Picasso’s Dove of Peace
 

What word would be yours? 

Dread

  

i wait
those four typed words hanging between us:

we need to talk

with trembling hands i key in your
number,

voice mail, my reward.

what cruelty has led us to this awful
place?

how much more can my sanity take?

i jump as a ringtone signals your call.

hello? i answer so softly that even i struggle to hear.

hey, you say, i wonder…

please, just end this agony! get it over with already!

well, i just wanted to know if i could have your recipe for lasagna.
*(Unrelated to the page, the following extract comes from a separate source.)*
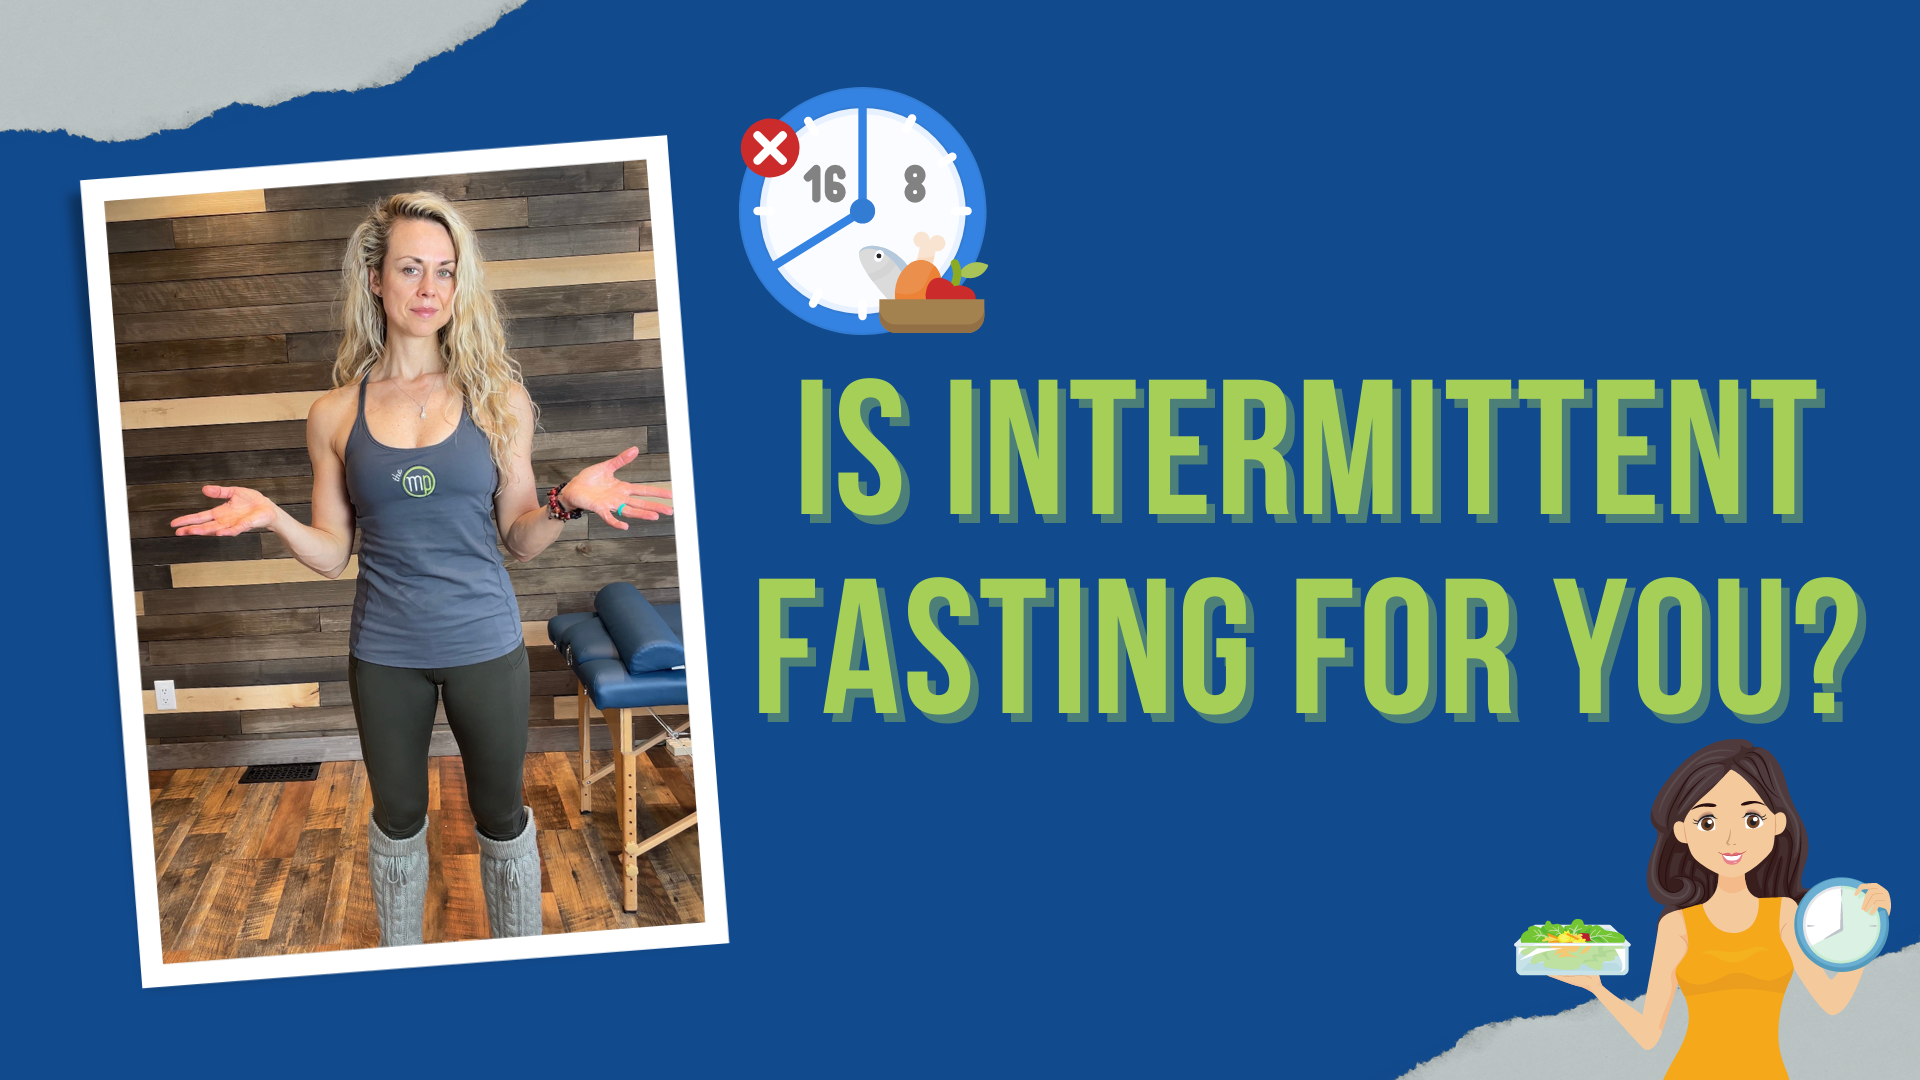 Is intermittent fasting for you?

oh, well sure. no problem. glad to help. 

let’s talk again soon.

  
  

Sometimes Pain

pain is now televised
pundits ponder the
circumstances

terrorist ties?
white male loner?
more gun regulations?
fewer gun restrictions?

does any of that matter anymore?
have we accepted this as the
usual business?

sometimes pain
overrides the well-worn
patterns,
overcomes the malaise.

i find curses slipping from my lips like wine from a carafe:
emboldened red,
dizzying,
potent.

but please,
don’t show me
i’m all pained out,
the story remains
the same.

Ungrateful Wenches Like Me

they let me vote
even pick out my own clothes
i can also read
whatever, whenever i choose,

but they tell me
this body i inhabit isn’t mine
they try to tell me
i have no right to decide.

they let me think
but on some issues my thoughts
do not have weight
though mine’s the changed life.

one day they’ll find,
this powerful contigent of “theys,”
that wenches like me
don’t listen to theys like them.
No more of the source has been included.